*ASSIGNED TASK:* Reproduce the full listing below unchanged, apart from the pictures.

*RECORDED INFORMATION:*

☆ ☆ ☆

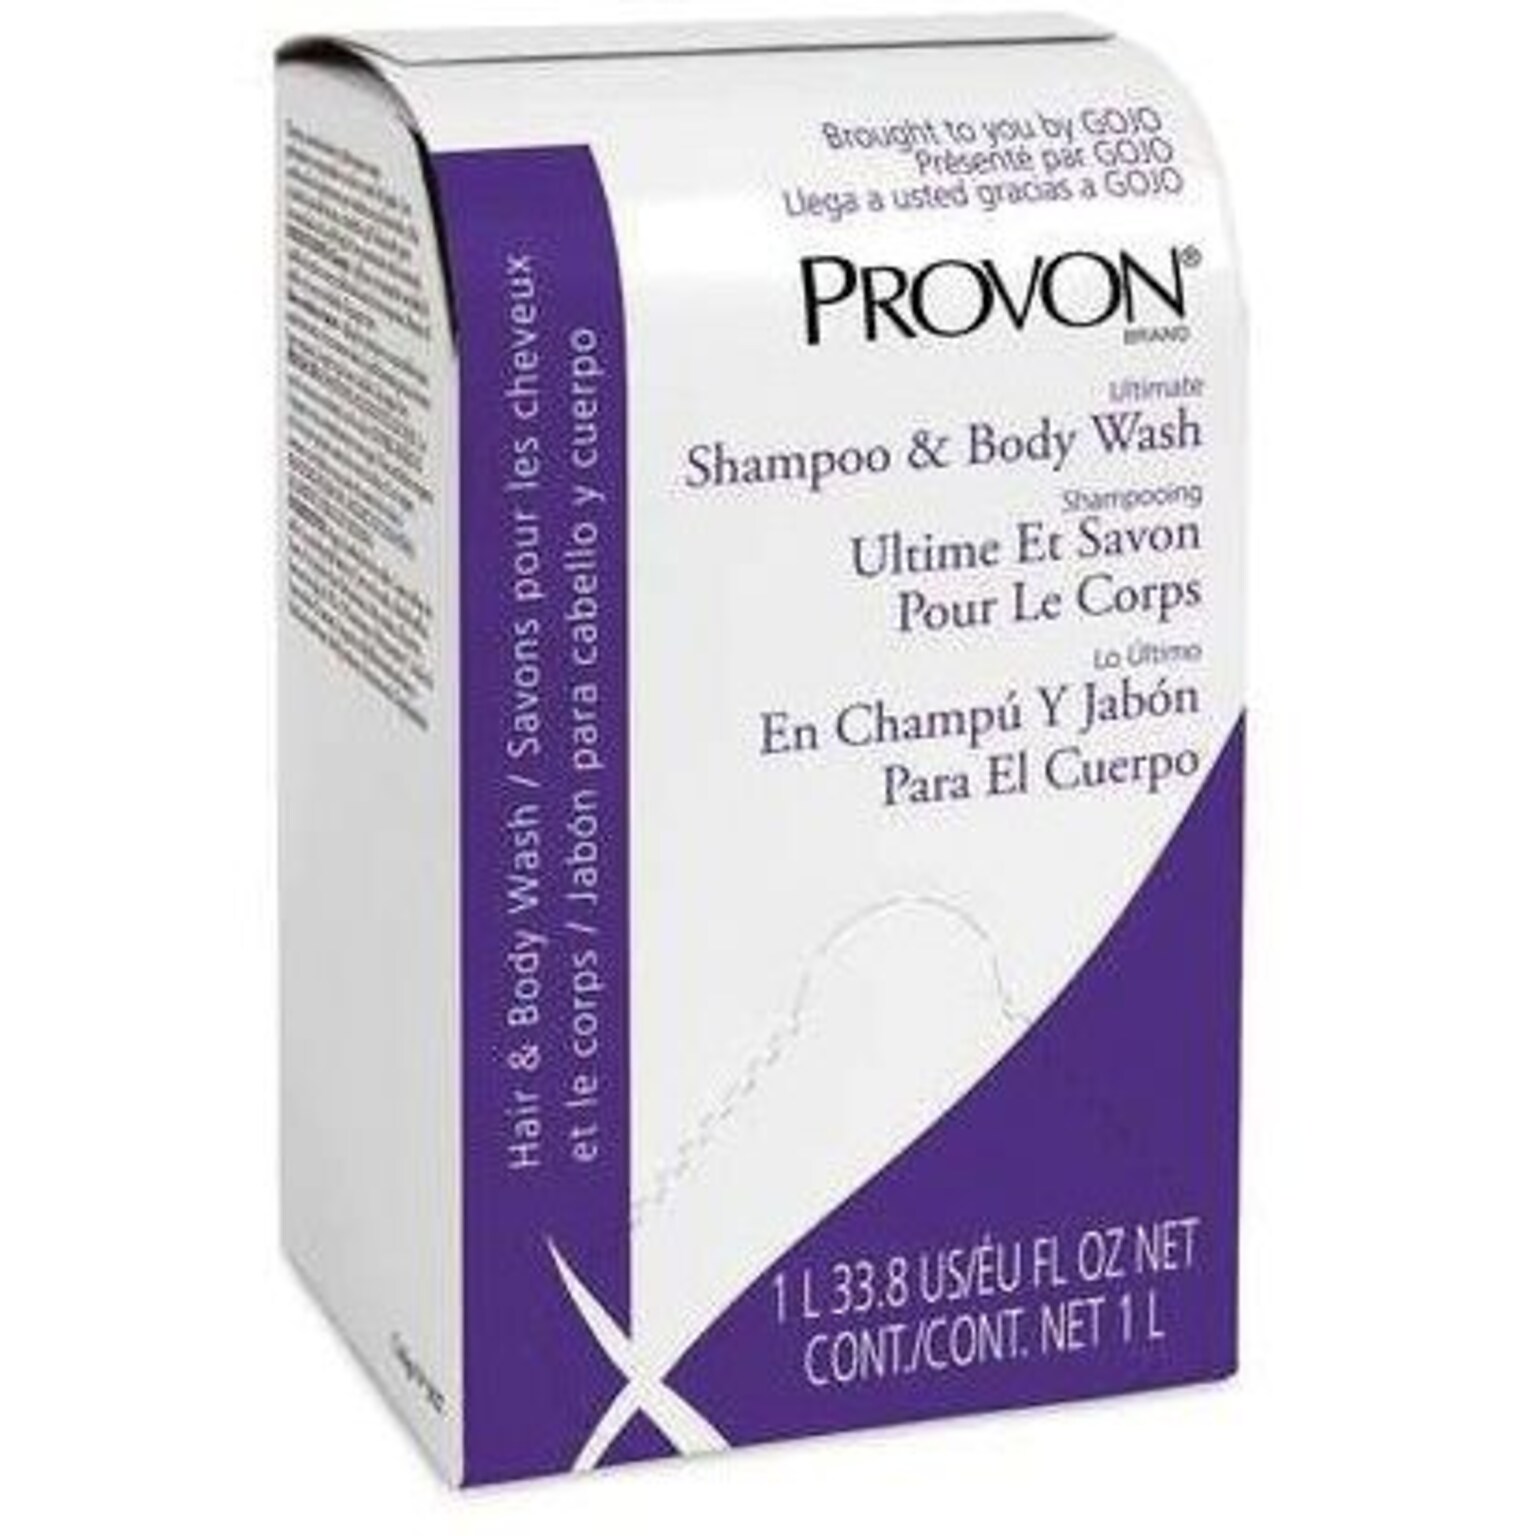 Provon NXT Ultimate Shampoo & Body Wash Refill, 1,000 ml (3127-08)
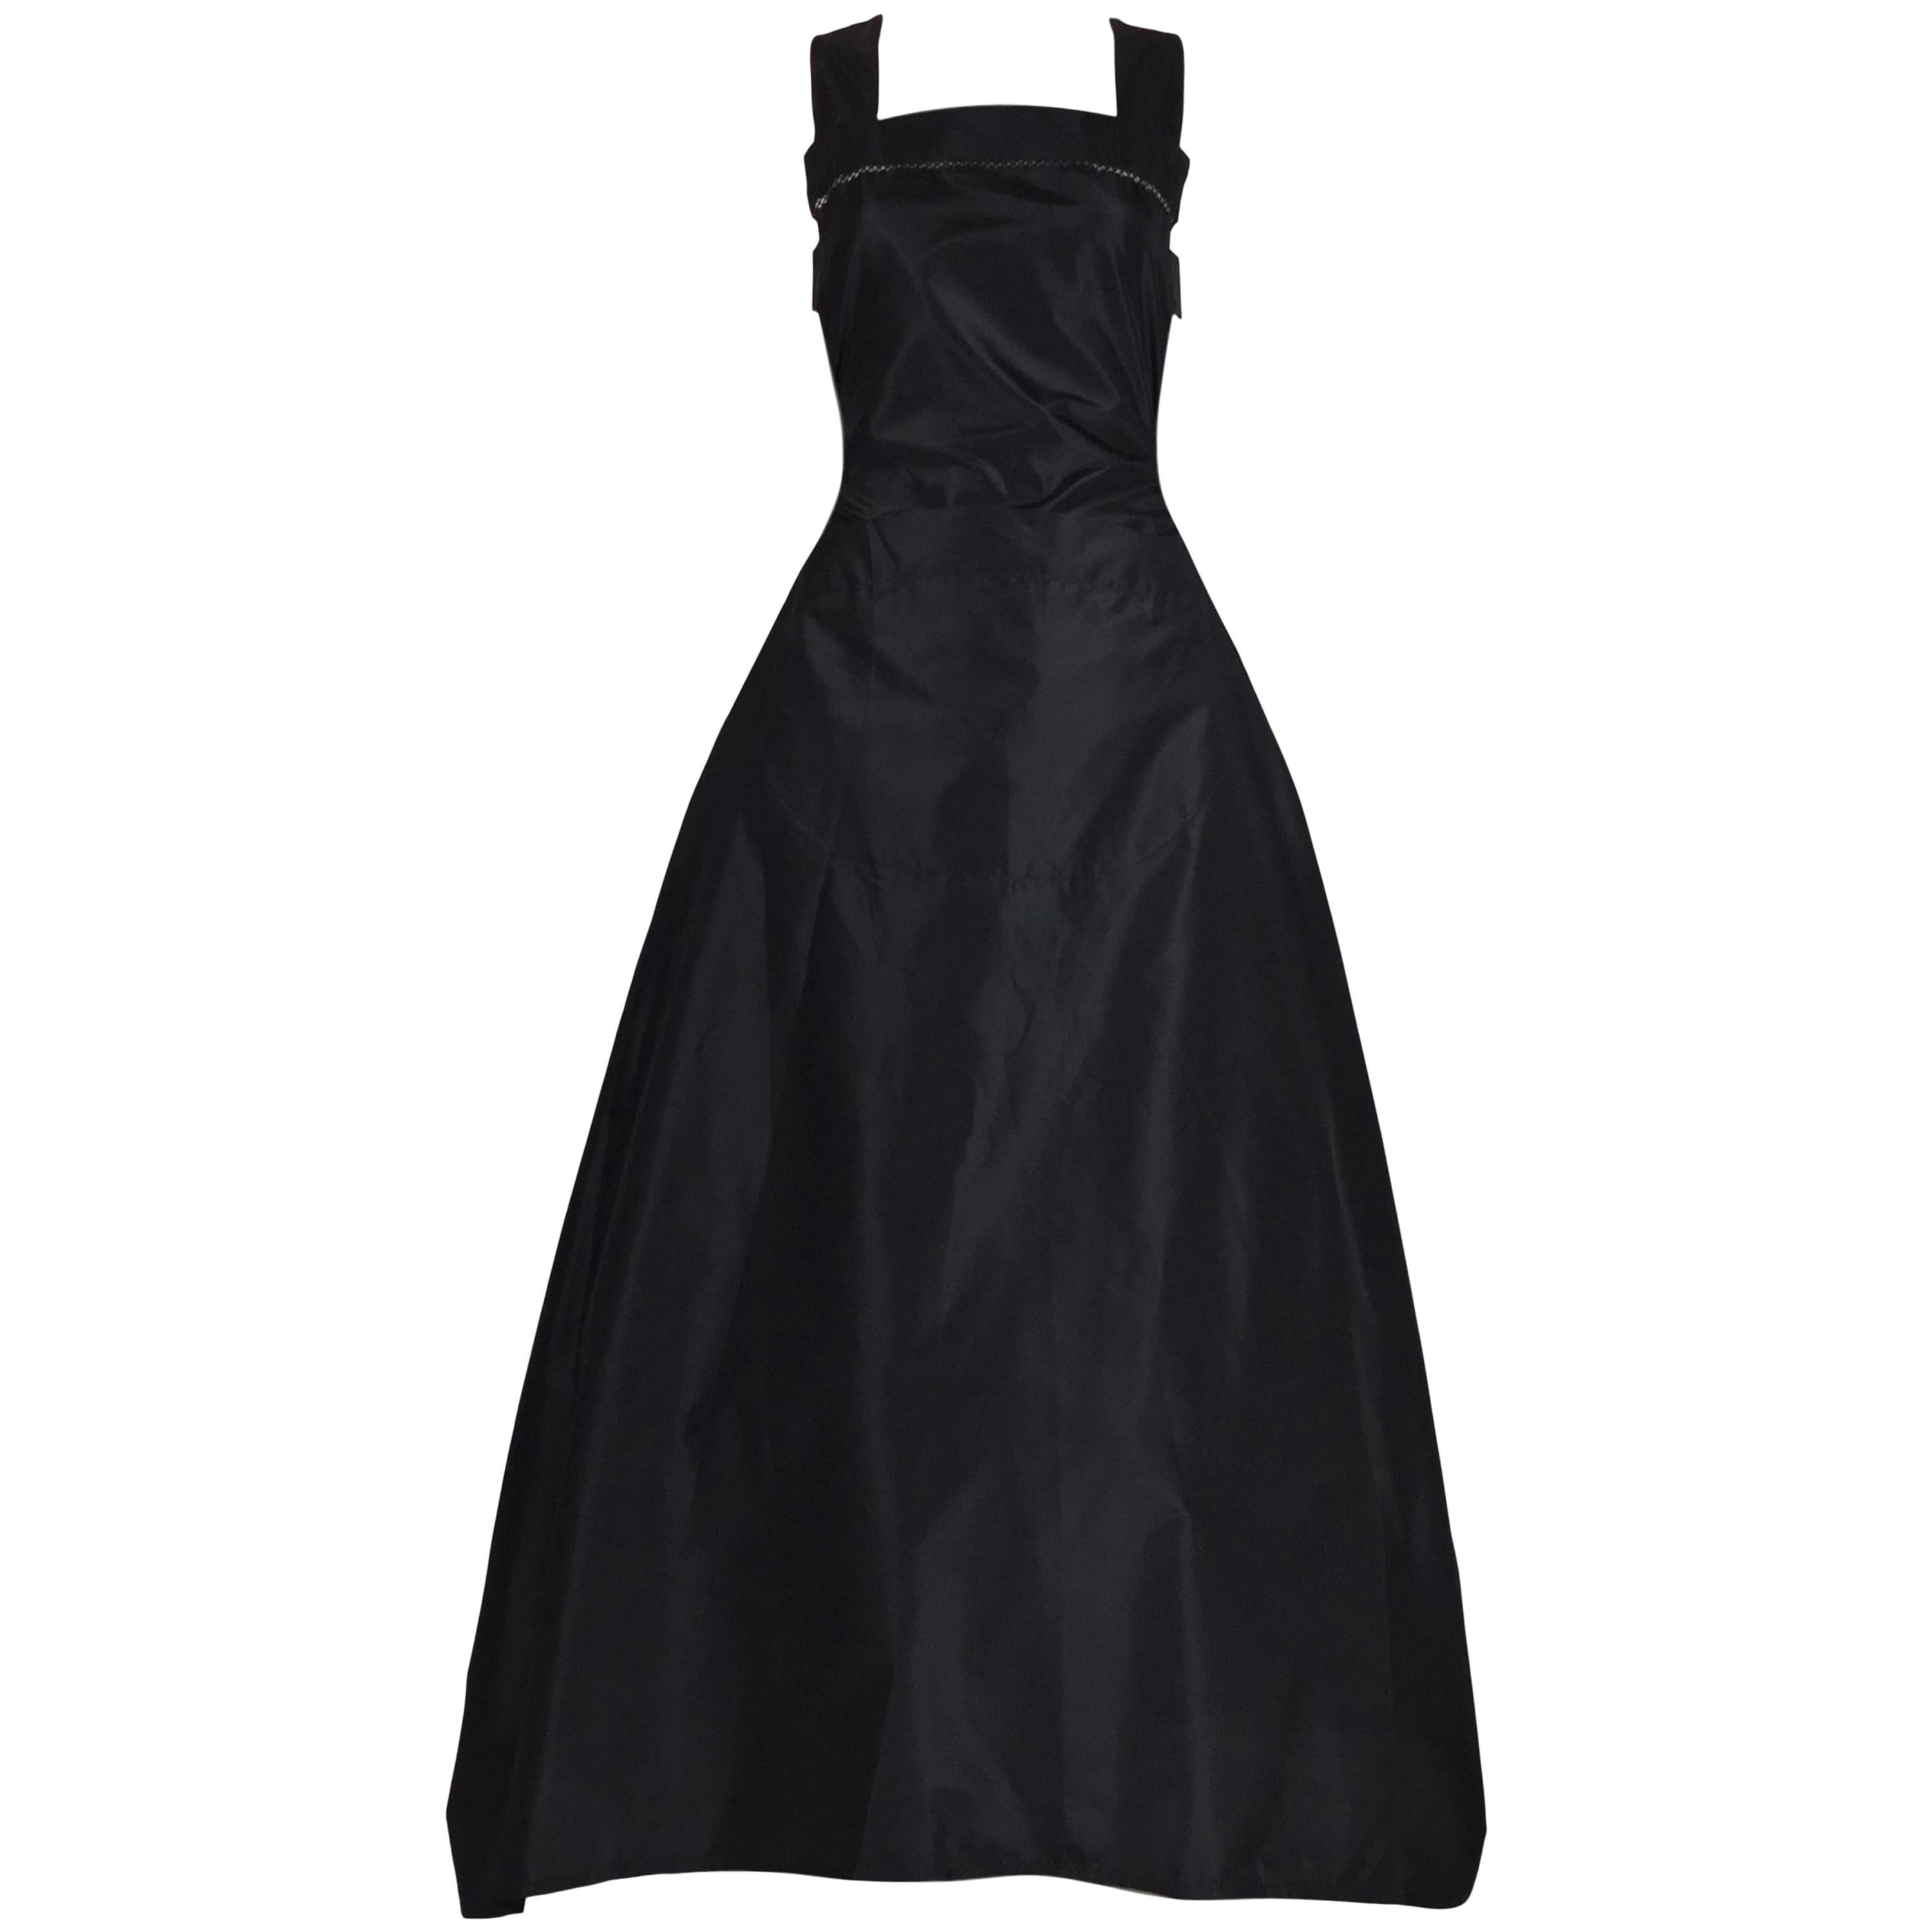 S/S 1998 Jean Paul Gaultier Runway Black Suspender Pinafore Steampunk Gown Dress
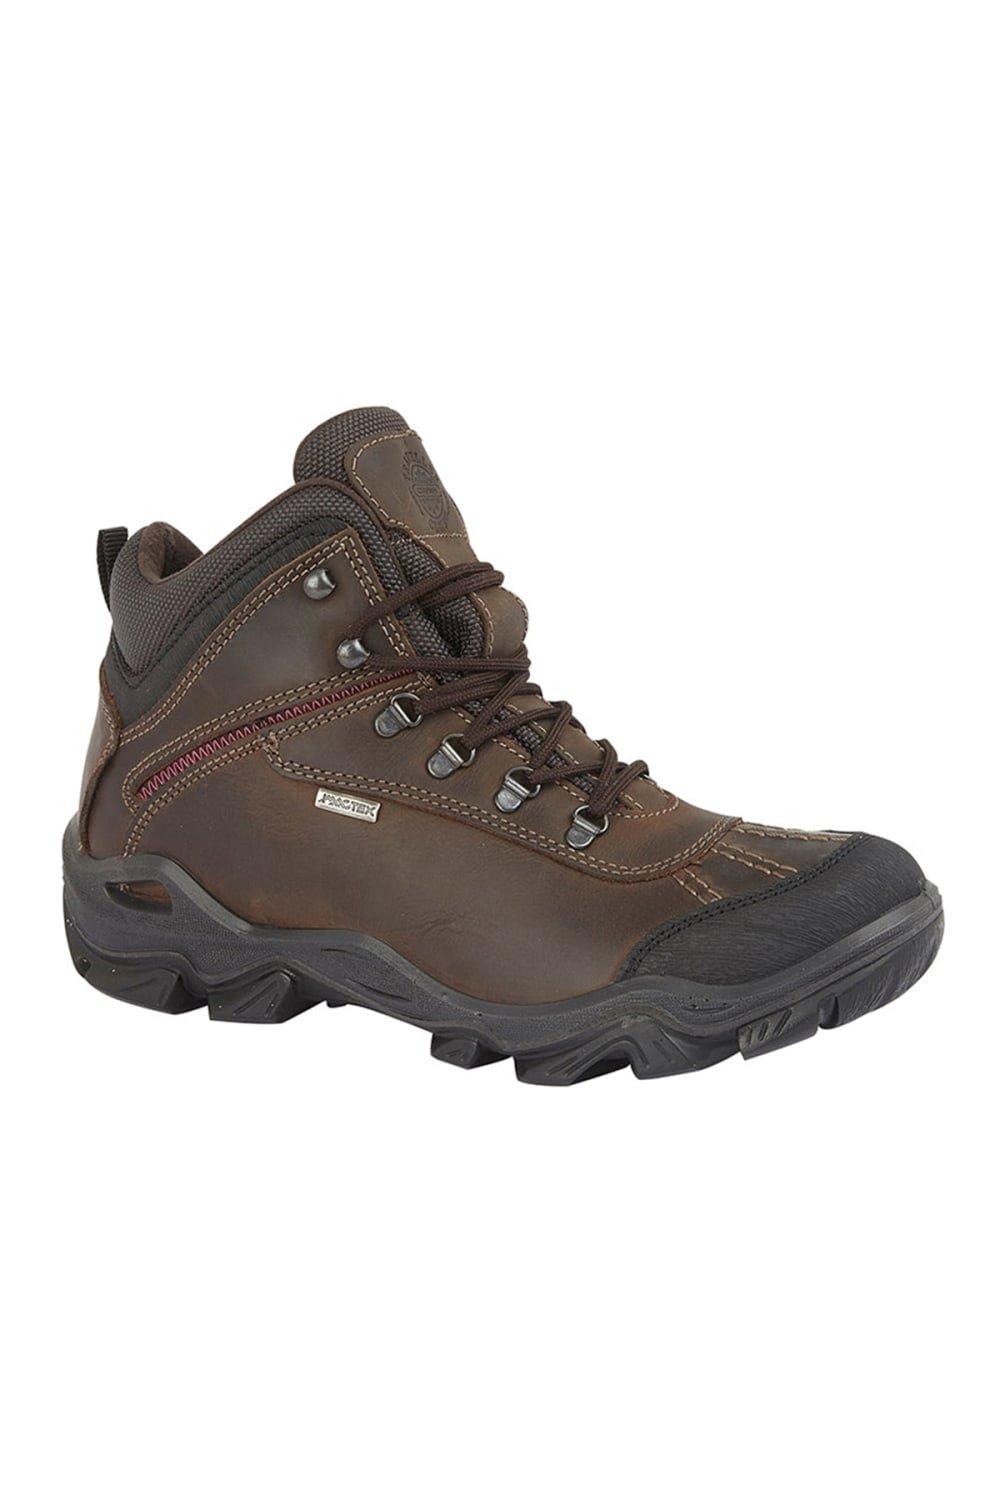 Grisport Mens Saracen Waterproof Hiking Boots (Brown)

☆ ☆ ☆

*TASK RESULT:*
 Provon NXT Ultimate Shampoo & Body Wash Refill, 1,000 ml (3127-08)
 S/S 1998 Jean Paul Gaultier Runway Black Suspender Pinafore Steampunk Gown Dress
 Grisport Mens Saracen Waterproof Hiking Boots (Brown)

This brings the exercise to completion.